● Task details
Please reproduce all of the listing below exactly and drop its images.

● Data block
▼

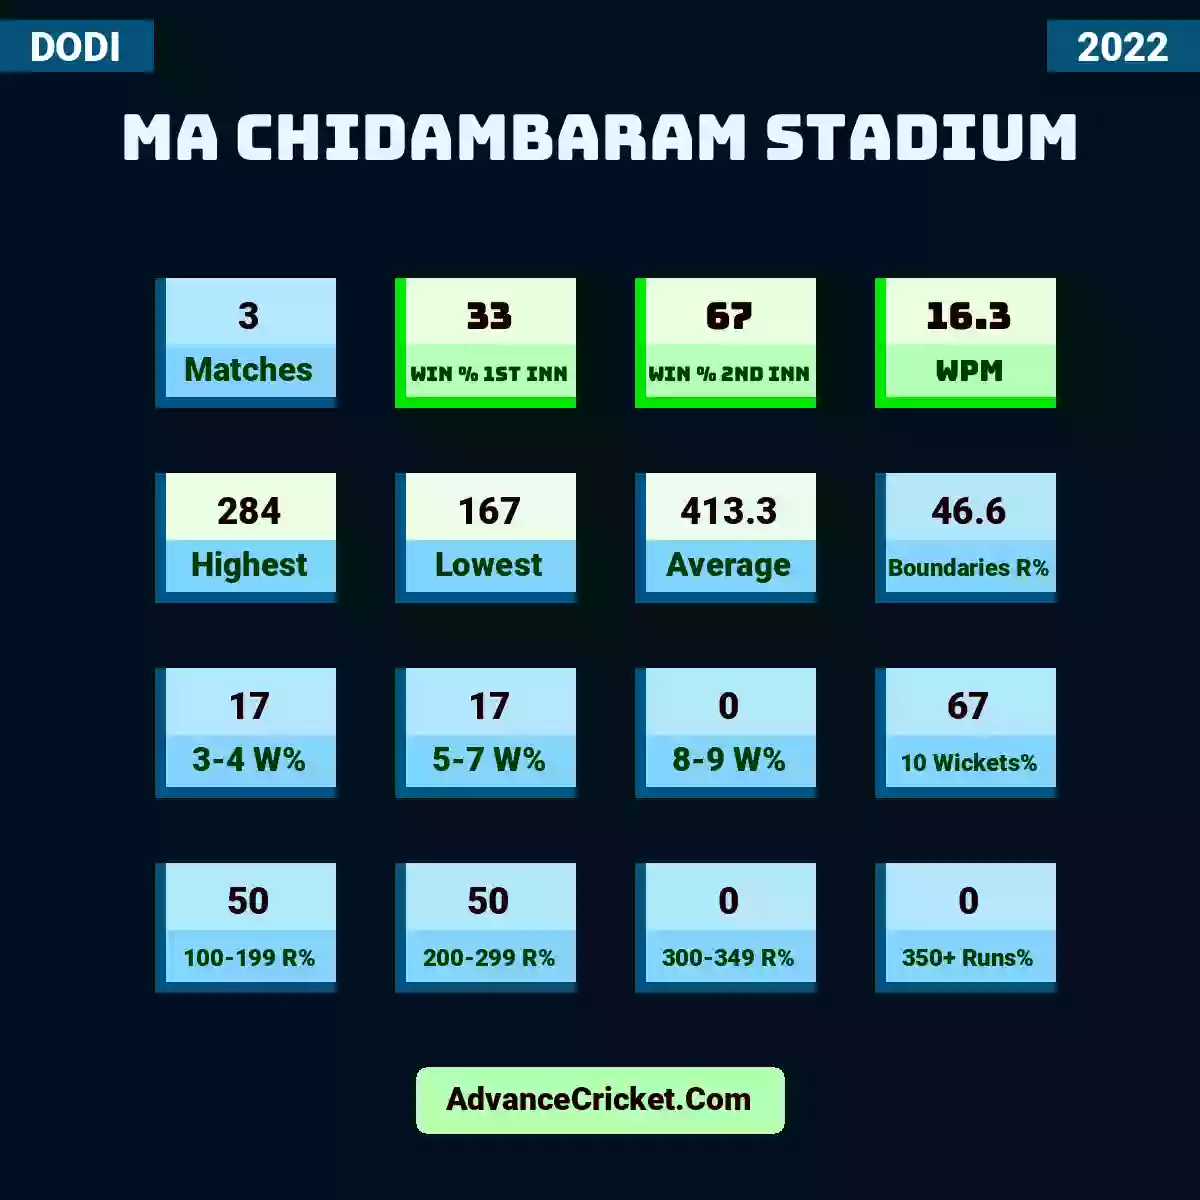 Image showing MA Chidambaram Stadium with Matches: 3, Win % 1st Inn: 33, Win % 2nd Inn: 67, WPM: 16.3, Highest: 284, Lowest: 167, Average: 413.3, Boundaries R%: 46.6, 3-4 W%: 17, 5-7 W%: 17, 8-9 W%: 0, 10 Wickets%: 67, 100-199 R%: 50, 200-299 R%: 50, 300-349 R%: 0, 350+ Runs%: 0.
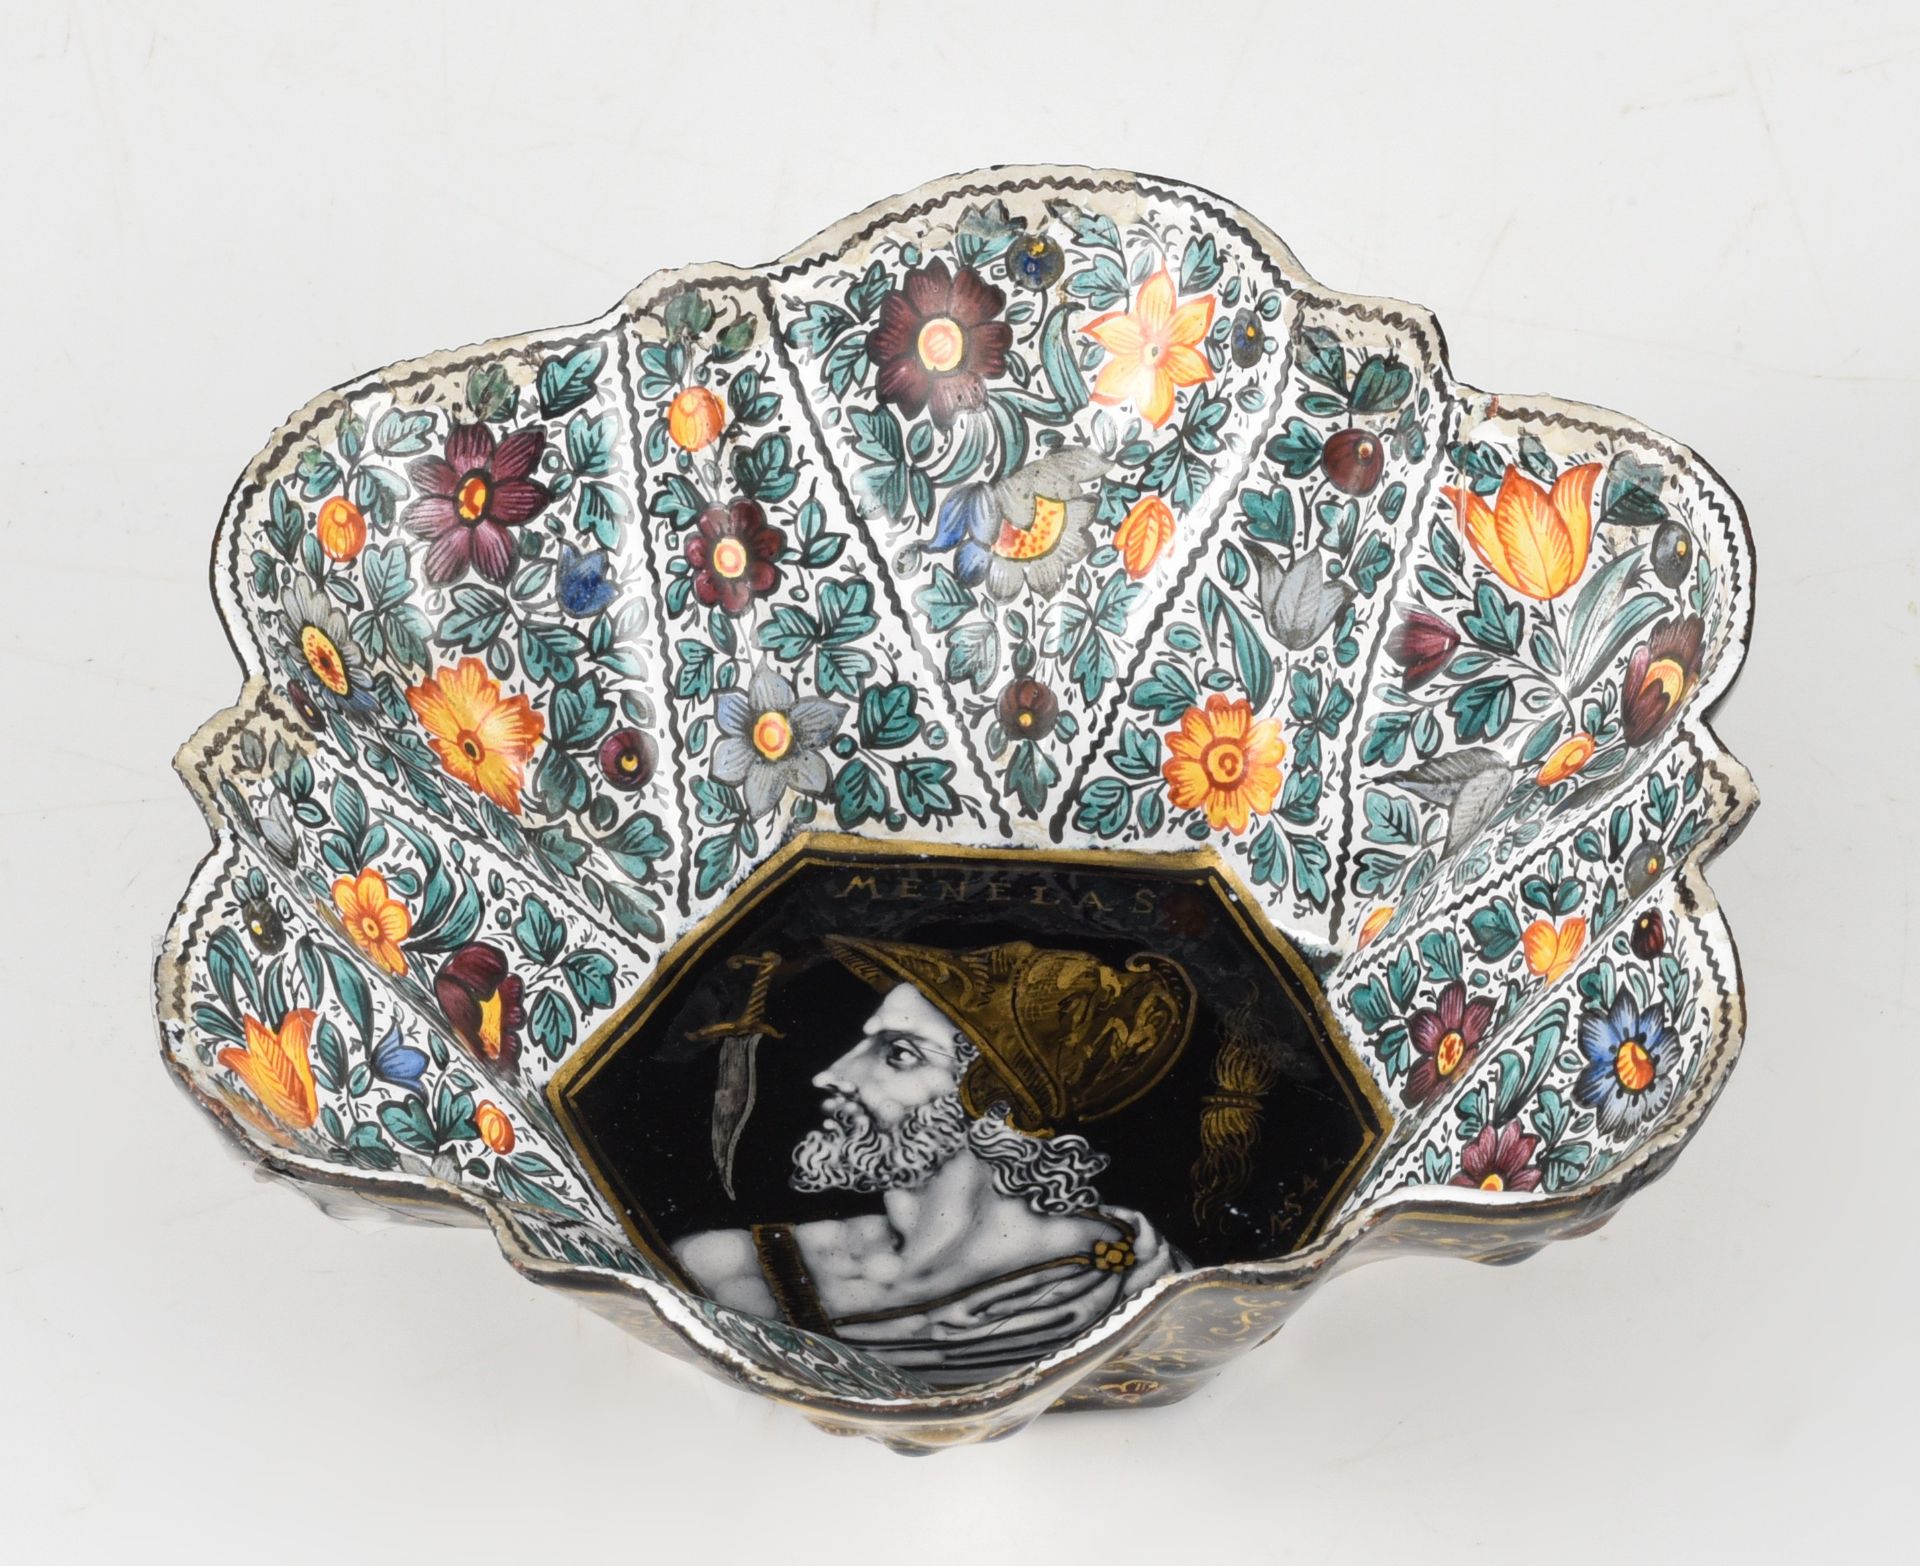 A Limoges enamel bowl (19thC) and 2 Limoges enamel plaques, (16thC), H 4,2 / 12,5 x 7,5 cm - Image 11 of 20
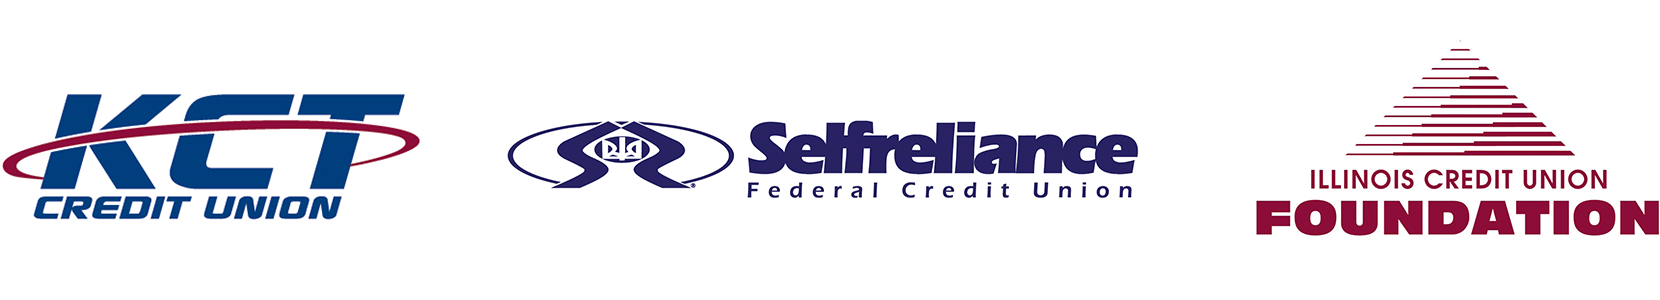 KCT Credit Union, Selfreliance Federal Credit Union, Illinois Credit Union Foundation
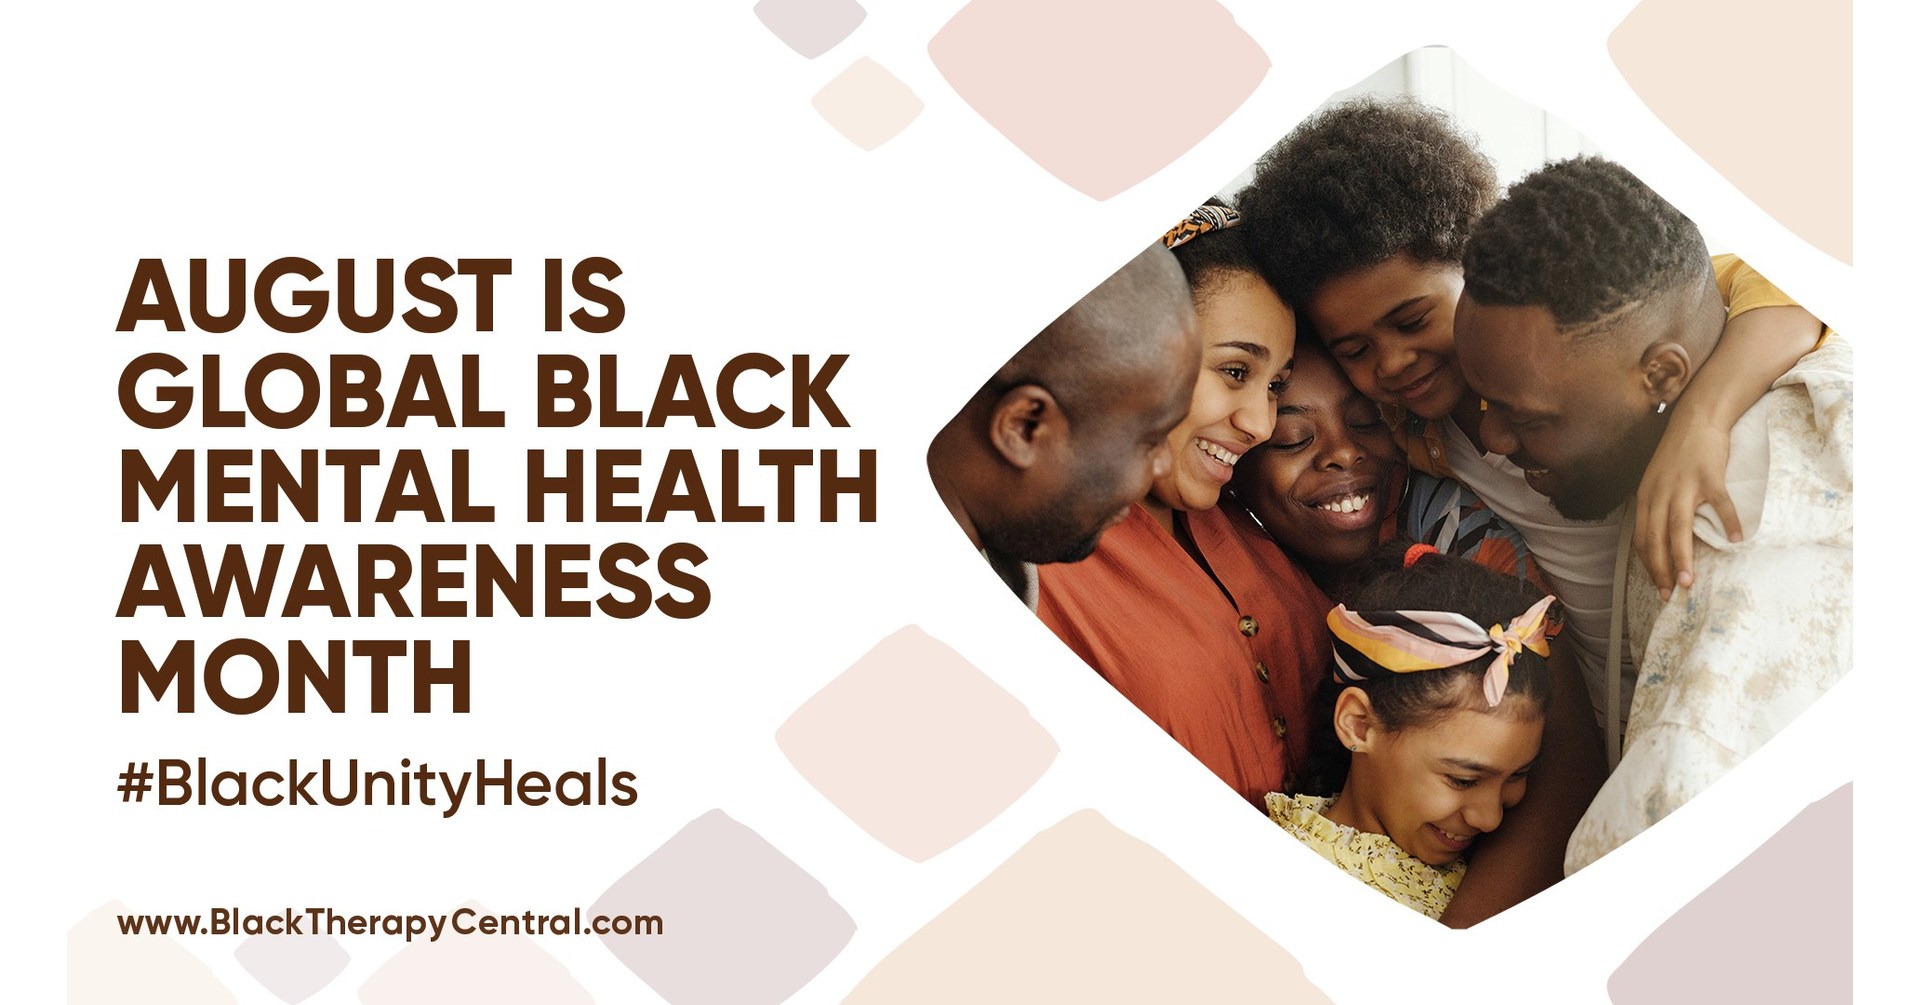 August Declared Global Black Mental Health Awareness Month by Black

▲

● The completed task
 Image showing MA Chidambaram Stadium with Matches: 3, Win % 1st Inn: 33, Win % 2nd Inn: 67, WPM: 16.3, Highest: 284, Lowest: 167, Average: 413.3, Boundaries R%: 46.6, 3-4 W%: 17, 5-7 W%: 17, 8-9 W%: 0, 10 Wickets%: 67, 100-199 R%: 50, 200-299 R%: 50, 300-349 R%: 0, 350+ Runs%: 0.
 A Limoges enamel bowl (19thC) and 2 Limoges enamel plaques, (16thC), H 4,2 / 12,5 x 7,5 cm - Image 11 of 20
 KCT Credit Union, Selfreliance Federal Credit Union, Illinois Credit Union Foundation
 August Declared Global Black Mental Health Awareness Month by Black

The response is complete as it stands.